Work required: Repeat the full listing below verbatim and keep the images out.

Given material:
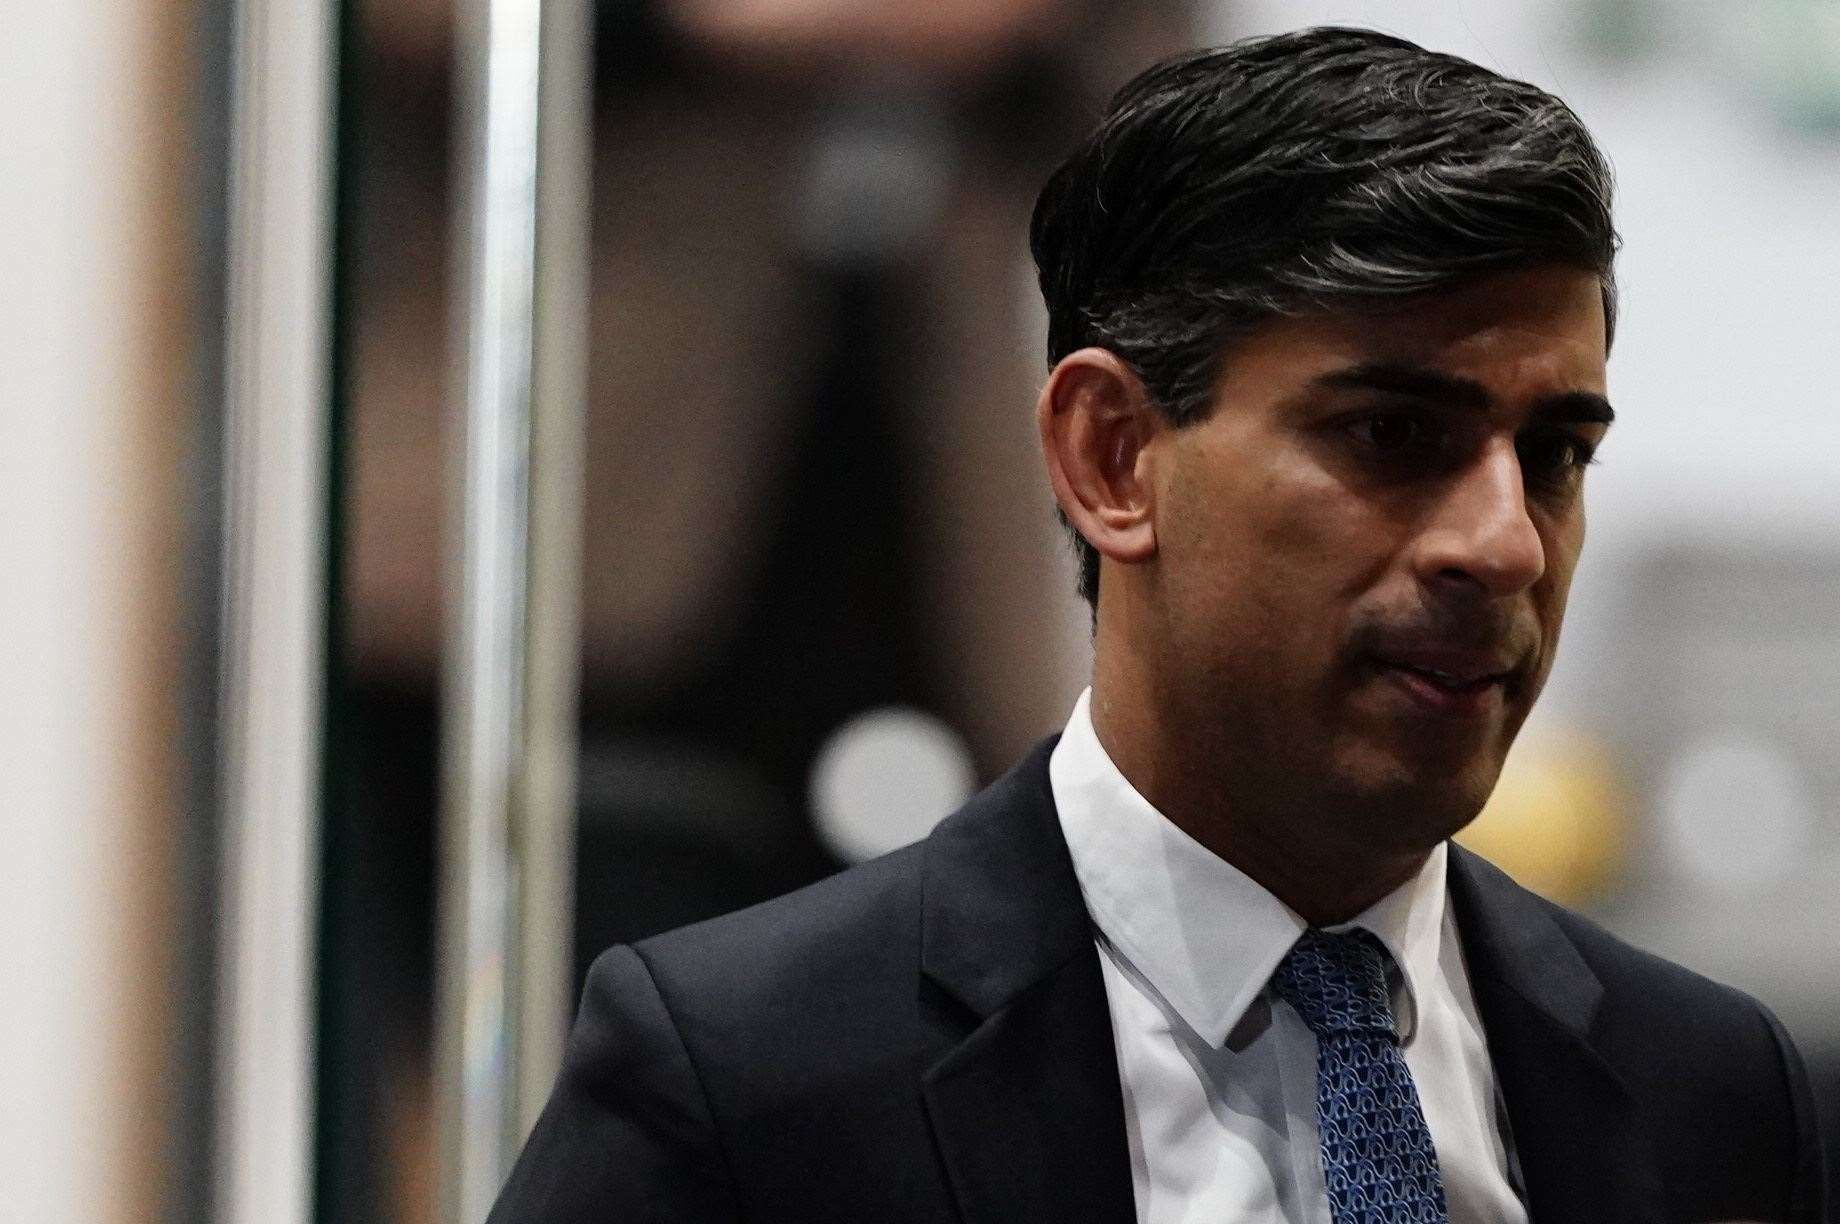 Rishi Sunak has staked his reputation on a pledge to deliver the “people’s priorities”.
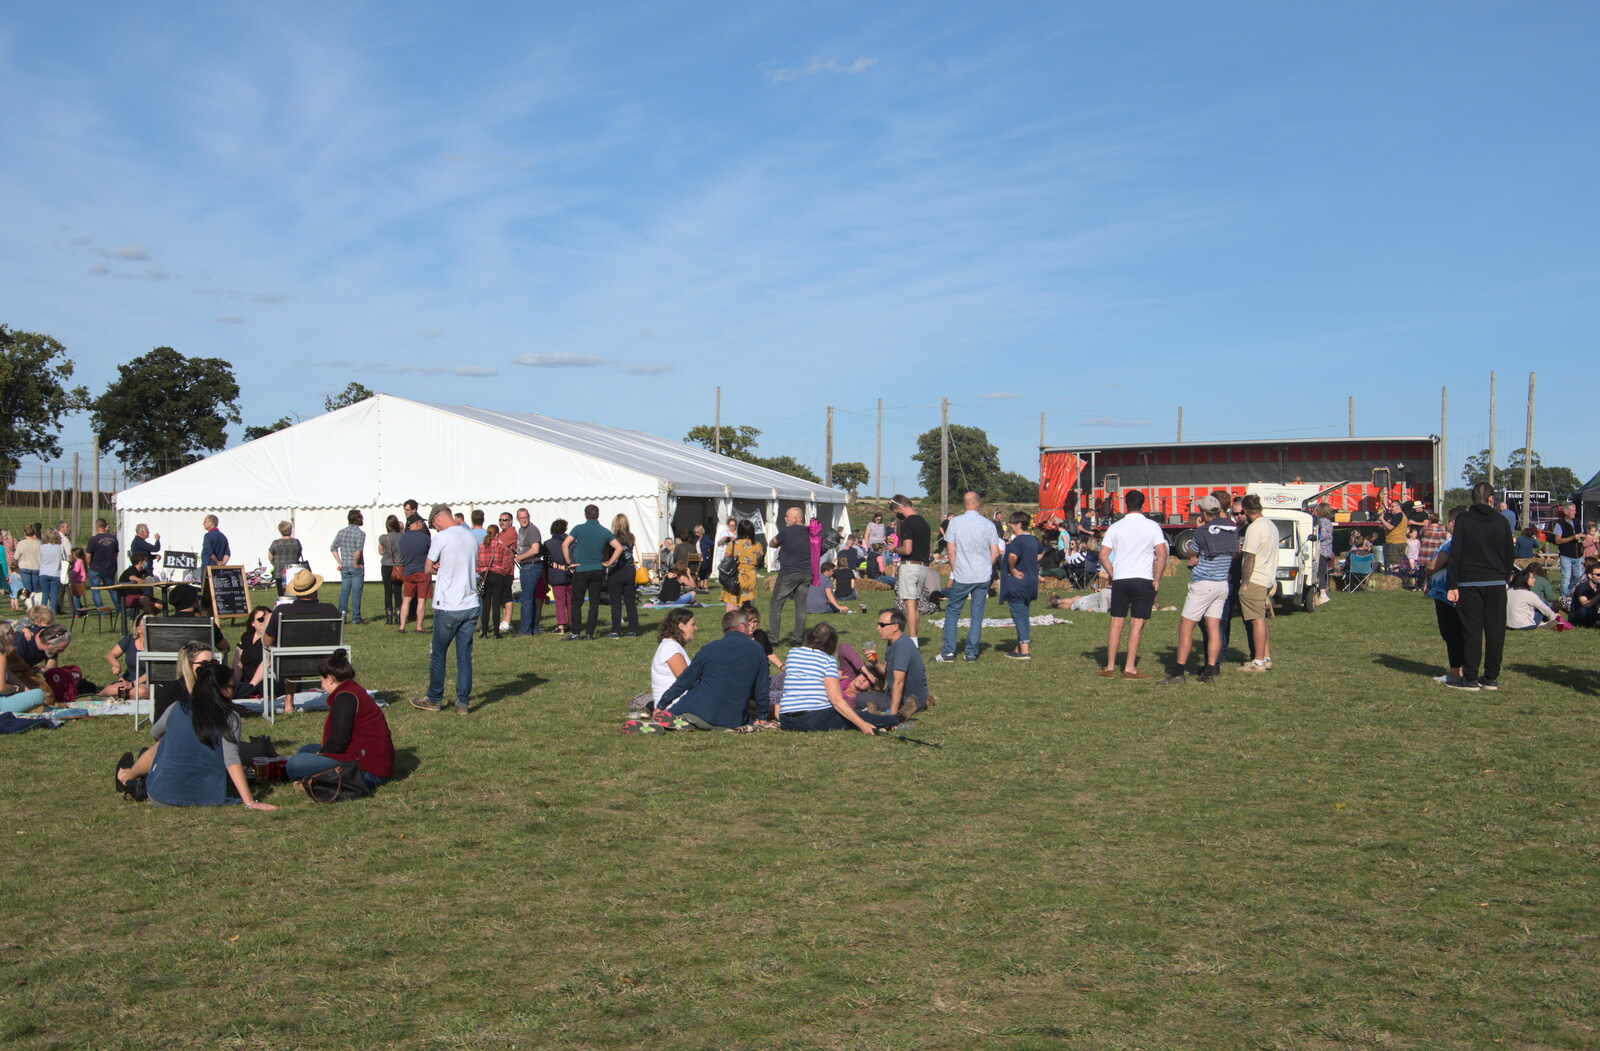 The queue for the bar is massive from Star Wing's Hops and Hogs Festival, Redgrave, Suffolk - 12th September 2020
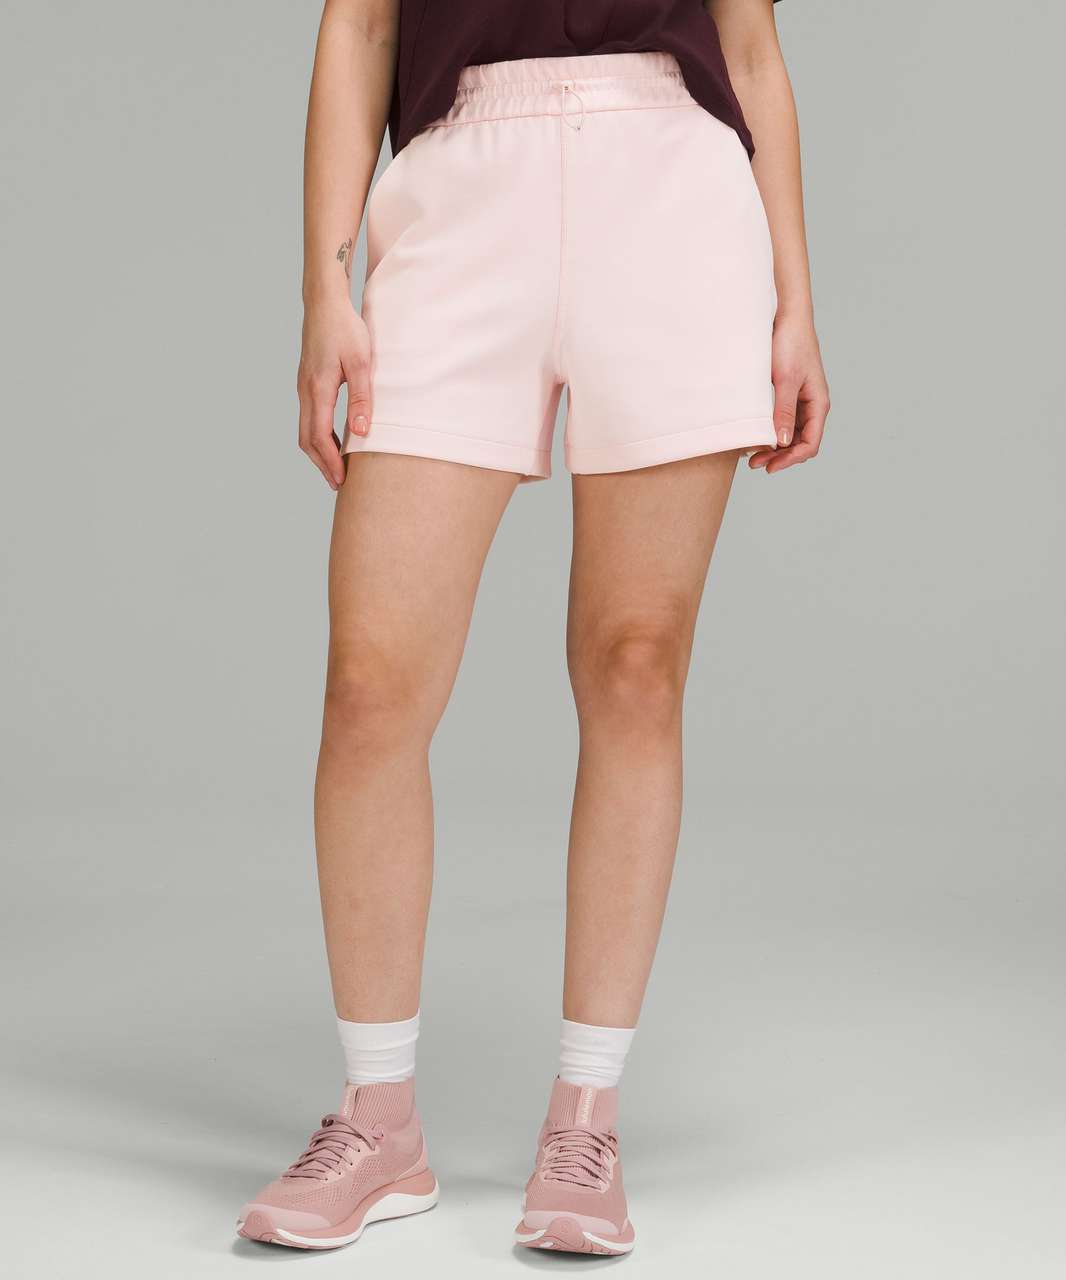 Lululemon Softstreme High-Rise Shorts Pink Size 4 - $50 - From Hayley

Worked solution:
 Rishi Sunak has staked his reputation on a pledge to deliver the “people’s priorities”.
 The queue for the bar is massive from Star Wing's Hops and Hogs Festival, Redgrave, Suffolk - 12th September 2020
 Lululemon Softstreme High-Rise Shorts Pink Size 4 - $50 - From Hayley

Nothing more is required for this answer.